The campaign officially spread the word, for the first time, that measles was “a serious disease that sometimes causes pneumonia, deafness, encephalitis and even death.” Public figures ranging from the Surgeon General to Ann Landers announced that measles could leave children blind, deaf and mentally impaired. And the campaign employed a poster child — disabled ten-year-old Kim Fisher — to illustrate the idea that measles immunization was necessary because “one death, one brain-damaged child, or even one child who needs hospitalization is one too many,” as one campaign supporter put it.
A new picture of measles emerges
As the campaign wore on, scientists continued to study the disease more closely than ever. Doctors began to report measles cases to health departments at unprecedented rates. And together, doctors and scientists began to pay more attention to the disease’s risks than even before. As a result, a new picture of the disease began to form: it appeared to cause more deaths than previously thought, brain damage in even mild cases, even harm to fetuses.
As the public continued to respond to the national campaign with “general apathy,” however, health officials redoubled their efforts to publicize measles’ “dramatic aspects,” and states began passing laws requiring the vaccine for schoolchildren. Within just over a decade, the country saw an all-time low of measles cases — and the disease had solidly acquired its new reputation as a deadly infection worthy of prevention at any cost.

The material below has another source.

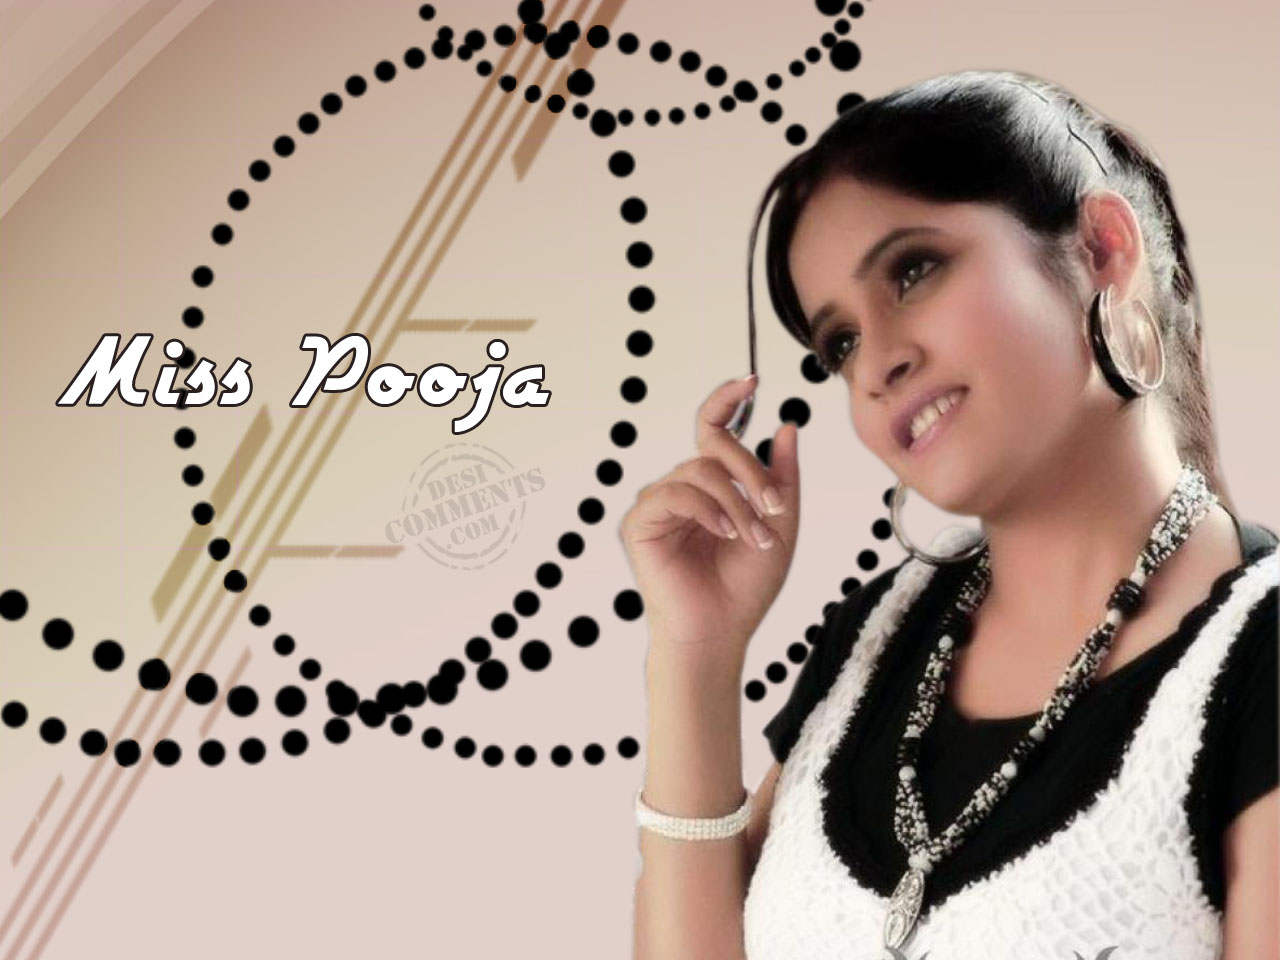 Singer Miss Pooja Image

We used to think mumps and chickenpox were ‘mild’ too
In the decades that followed the introduction of the measles vaccine, vaccine makers and health officials duplicated this approach with one new vaccine after another.
Mumps, often the butt of jokes in its pre-vaccine days, was no laughing matter within a decade of its vaccine’s introduction in 1967. Hepatitis B was considered an obscure infection of little import to most Americans when its vaccine first came out in 1981, but soon after it evolved into a “cousin” of AIDS known for lurking in nail salons, piercing parlors and playgrounds.

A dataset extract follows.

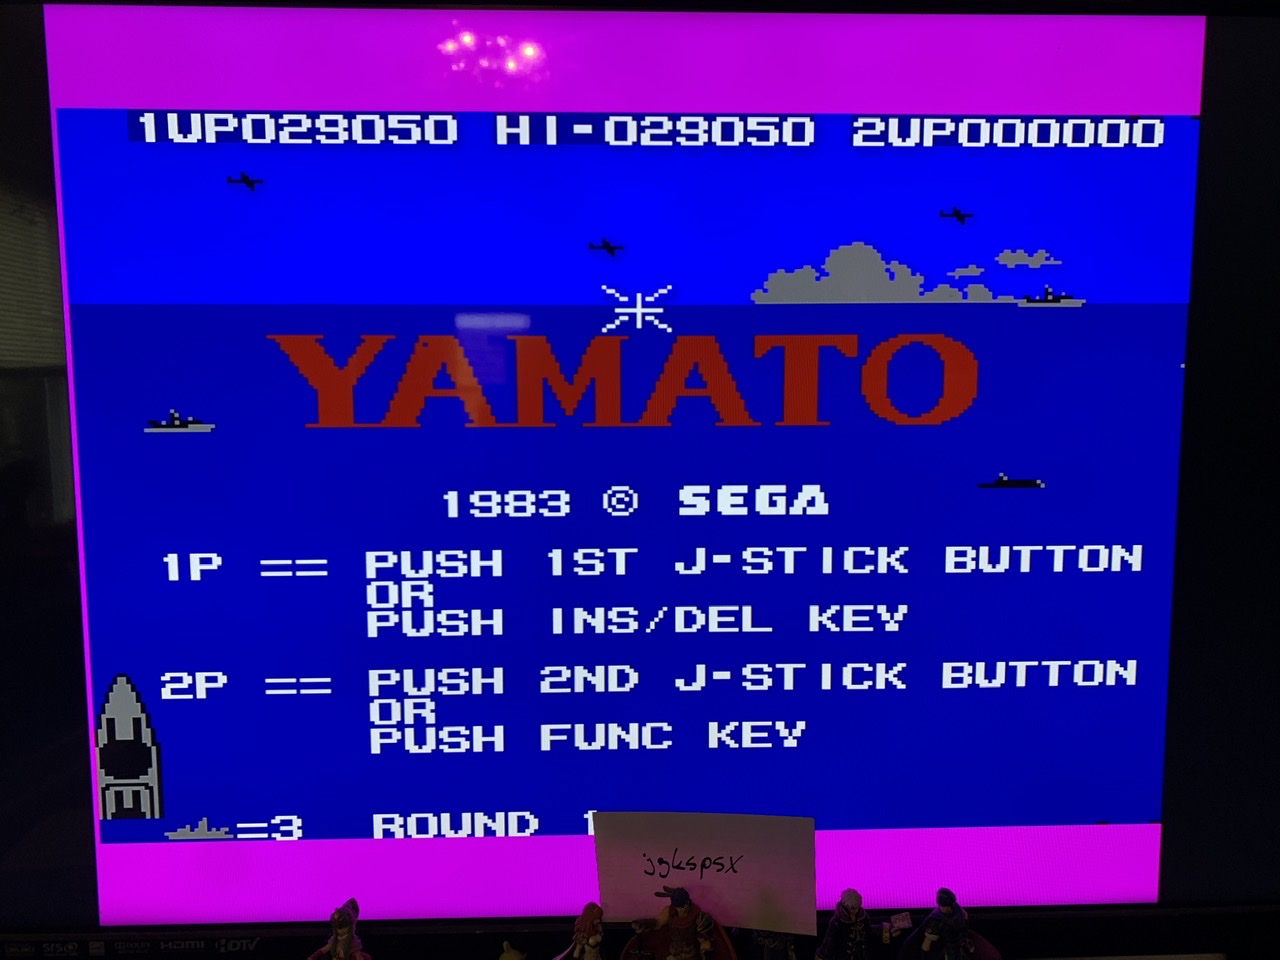 Yamato 29,050 points

Since the development of the chickenpox vaccine in the 1990s, the virus has been transformed in the public imagination from an innocuous if uncomfortable rite of childhood to a highly contagious infection that can cause pneumonia, sepsis and sometimes death. And in just the last decade, human papillomavirus (HPV) has morphed from a little-known sexually transmitted infection to a widely known cause of multiple forms of cancer. Each of these transformations in perception was triggered by a new vaccine.

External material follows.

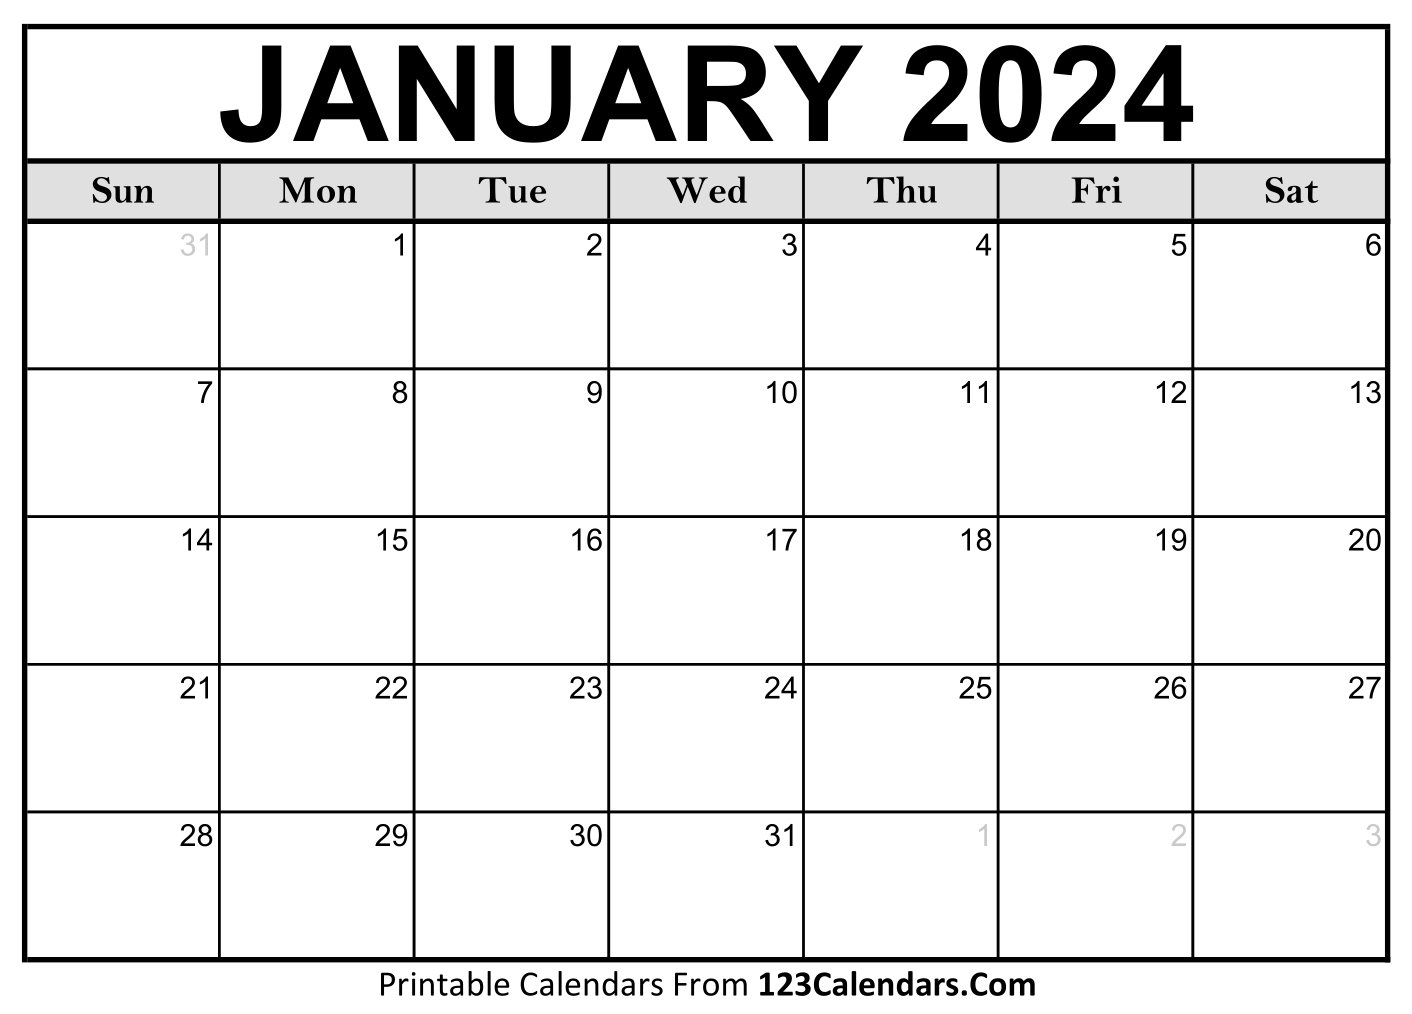 Printable January 2024 Calendar Templates - 123Calendars | Printable 2024 January Calendar

Each new vaccine invited deliberation on how it should be used. That, in turn, focused increased scientific attention on the disease. Often, as federal health officials and other scientists accumulated new information about the disease’s risks and complications, the vaccine maker did its part to market its vaccine. As talk of each disease and its more dramatic aspects spread, public and scientific perception of the disease gradually transformed.
In this country, high vaccination rates rest on a consensus about the diseases prevented by vaccines. When doctors, health officials and, in particular, parents view a disease as serious, they view its vaccine as one worth getting.
The recent increase in the number of philosophical objectors to measles vaccine shows that historical consensus about the disease itself has eroded in recent years. But history also shows that one surefire route to consensus about a disease is fear of that disease. And fear often spreads like wildfire during disease outbreaks, much like what is happening once again now with measles.